Our own court in full accord with the decided weight of authority announces the rule in the following form:
“The section of an act properly amended should be construed precisely as though it had been originally enacted in its amended form.” State v. Hevelone, 92 Neb. 748.
So it fairly appears that to the authority of this rule there can be no contention; as to the result of it's application in the present case, little doubt. Reading the controlling statute before us, as an entirety, together with the amendment of 1927, “precisely as though it had been originally enacted in its amended form,” “with its several sections and parts mutually acting upon each other,” the words of the amendment “nor cause such note to be usurious” inevitably and inescapably would apply to all mortgages filed on or after July 1, 1911, and would therefore necessarily apply to the contracts in suit here. It would likewise involve, we respectfully submit, an unconditional negation of the premises on which the majority decision is based, viz.: “We discover nothing to indicate an intent of the legislature that (this legislation) it should operate other than prospectively.” If this is true, and the provision now construed is valid, it will operate retrospectively to cut off all defenses of usury for the future even in actions upon contracts previously made. Gibson v. Sherman County, 97 Neb. 79. In the Gibson case this court substantially without reservation quoted, approved, applied, and in applying adopted the doctrine on the subject, of usury announced by the supreme court of the United States in Ewell v.
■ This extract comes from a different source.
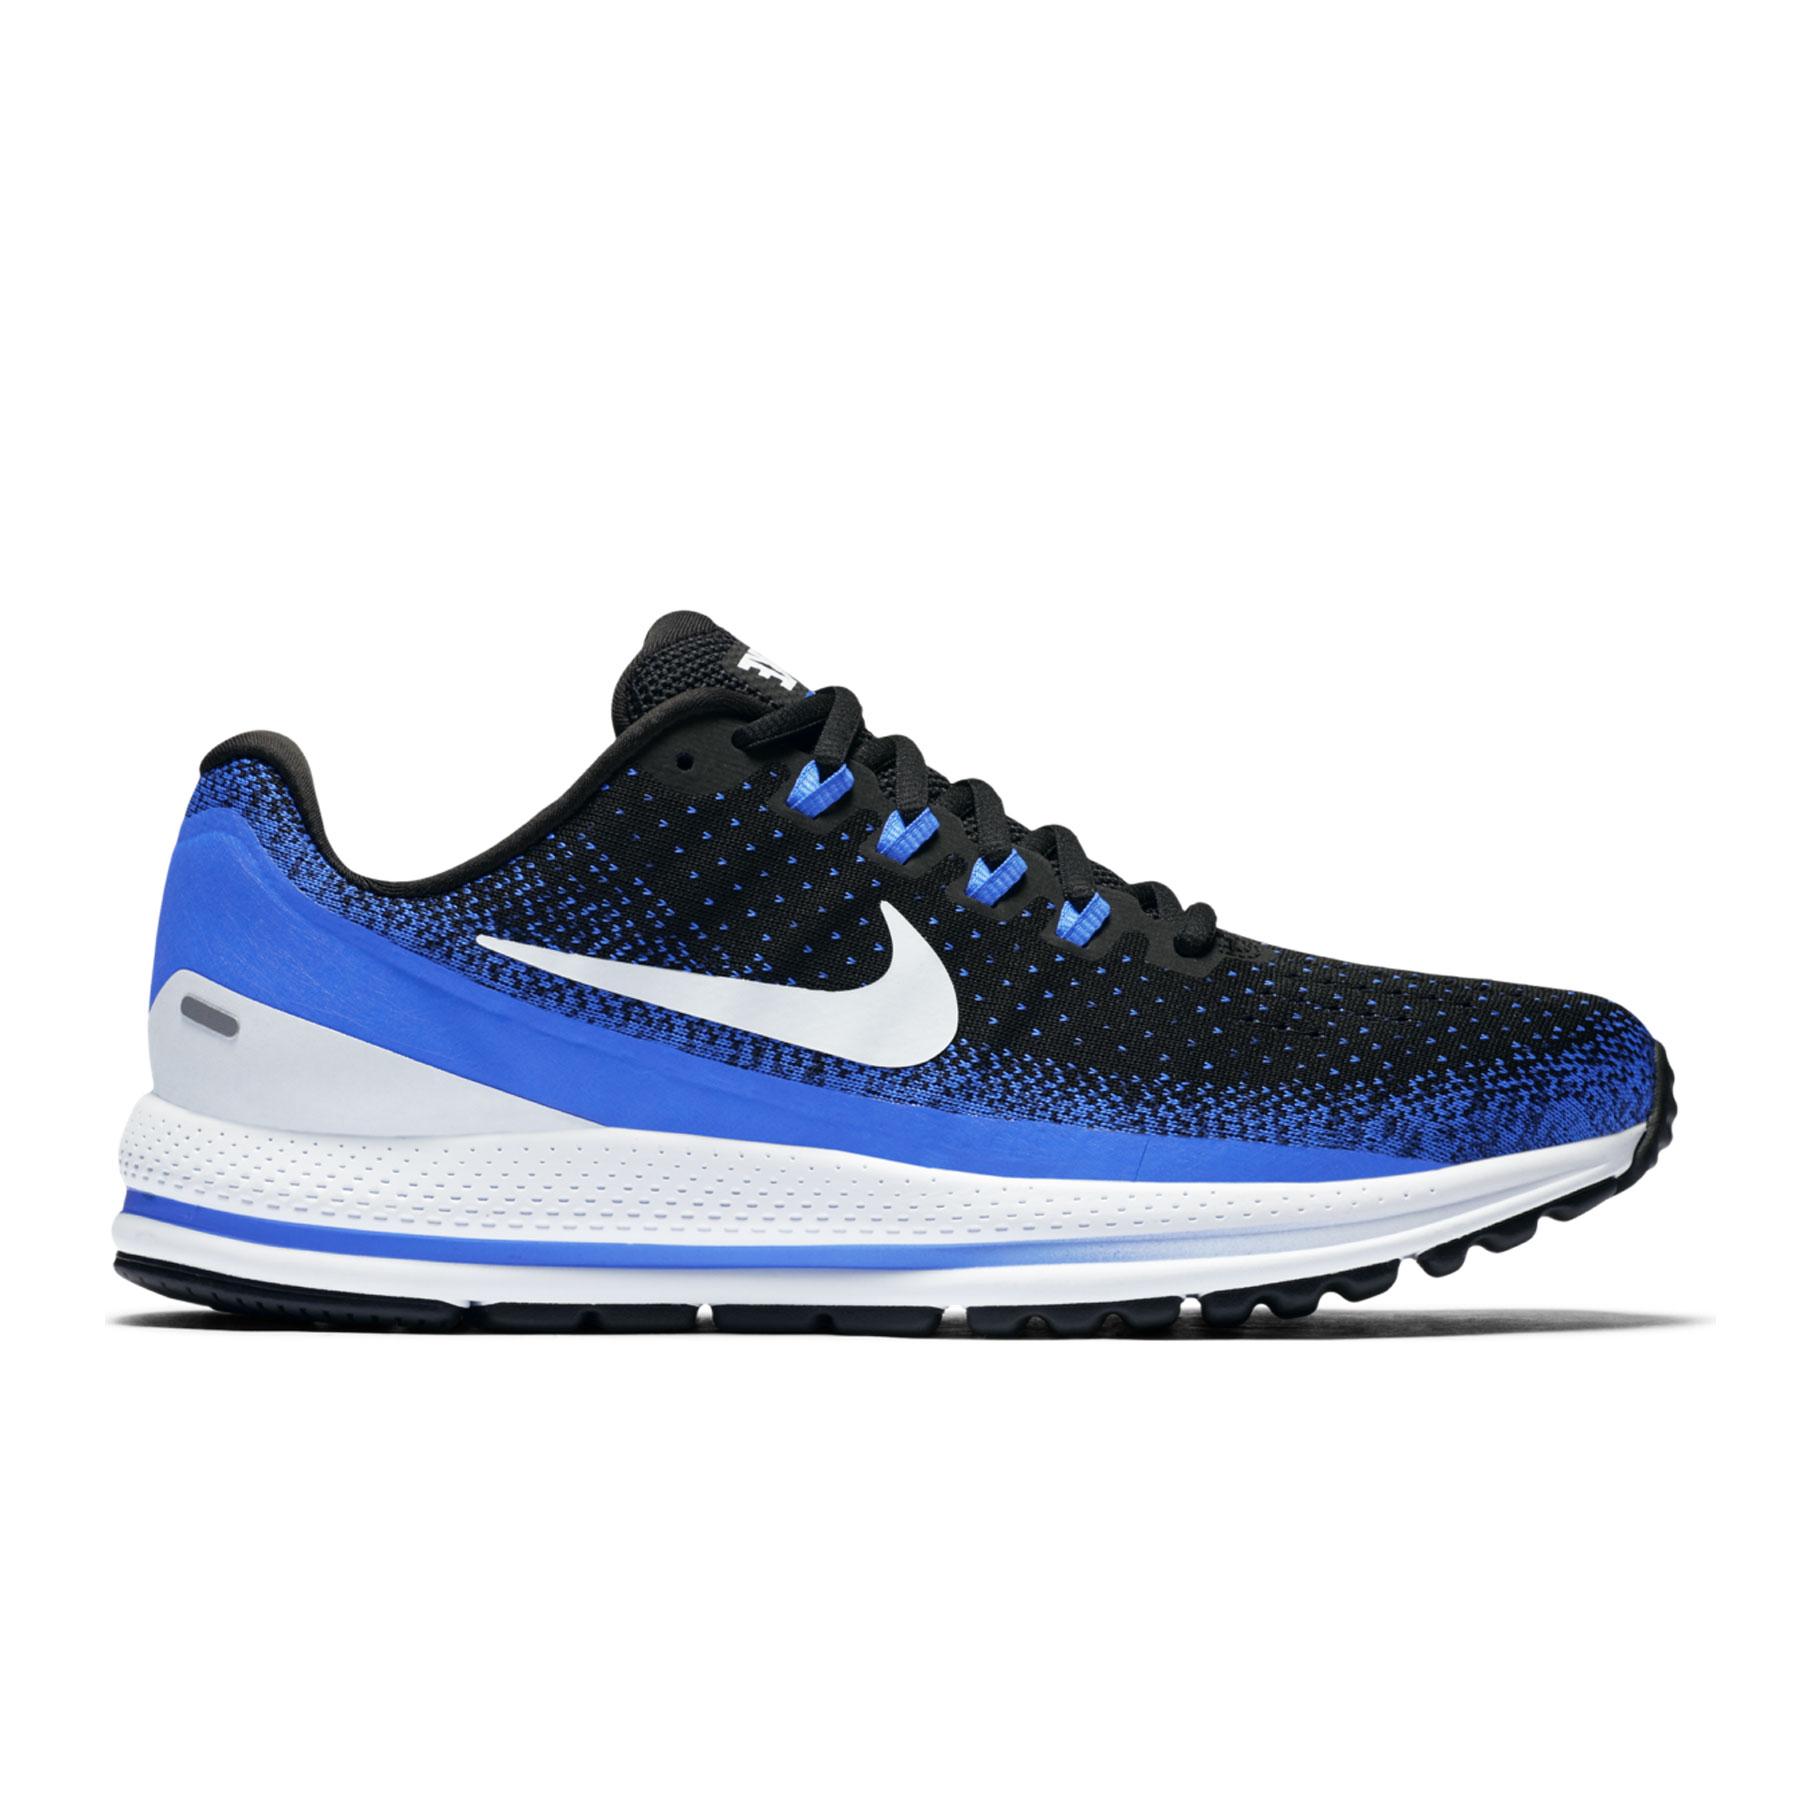 scarpe running nike caratteristiche

Daggs, 108 U. S. 143. The following excerpt will disclose the tenor of our then decision:
“Independent of the nature of the forfeiture as a penalty (for usury), which is taken away by a repeal of the act, the more general and deeper principle on which they are to be supported is, that the right of a defendant to avoid his contract is given to him by statuté, for purposes of its own, and not because it affects the merits of his obligation; and that *812whatever the statute gives, under such circumstances, as long as it remains in fieri, and not realized by having passed into a completed transaction, may, by a subsequent statute, be taken away. It is a privilege that belongs to the remedy, and forms no element in the rights that inhere in the contract. The benefit which he has received as the consideration of the contract, which, contrary to law, he actually made, is just ground for imposing upon him, toy subsequent legislation, the liability which he intended to incur. That principle has been repeatedly announced and acted upon by this court.”
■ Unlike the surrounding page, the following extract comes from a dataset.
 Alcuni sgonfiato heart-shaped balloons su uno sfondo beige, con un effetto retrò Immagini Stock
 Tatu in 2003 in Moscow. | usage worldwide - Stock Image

If this authority be finally adhered to, the judgment of the district court in this case must be revérsed, with directions to enter decree in accordance with plaintiffs’ petition. On the other hand, if the principles announced in the case be disapproved and the contention of appellees on these points be accepted by the majority, the result will be to approve the decree entered in the district court. But at least the merits of the case should be determined and the parties to mortgages advised as to their rights and the state notified as to the actual condition of this potential source of revenue, for, though not a technical parity to this litigation, it will nevertheless be affected toy the results.
To determine the validity of the provision we have discussed, “nor render such note usurious,” I conceive to be an imperative duty imposed by the record on this court, and because of the failure of the majority so to do, I am constrained to dissent.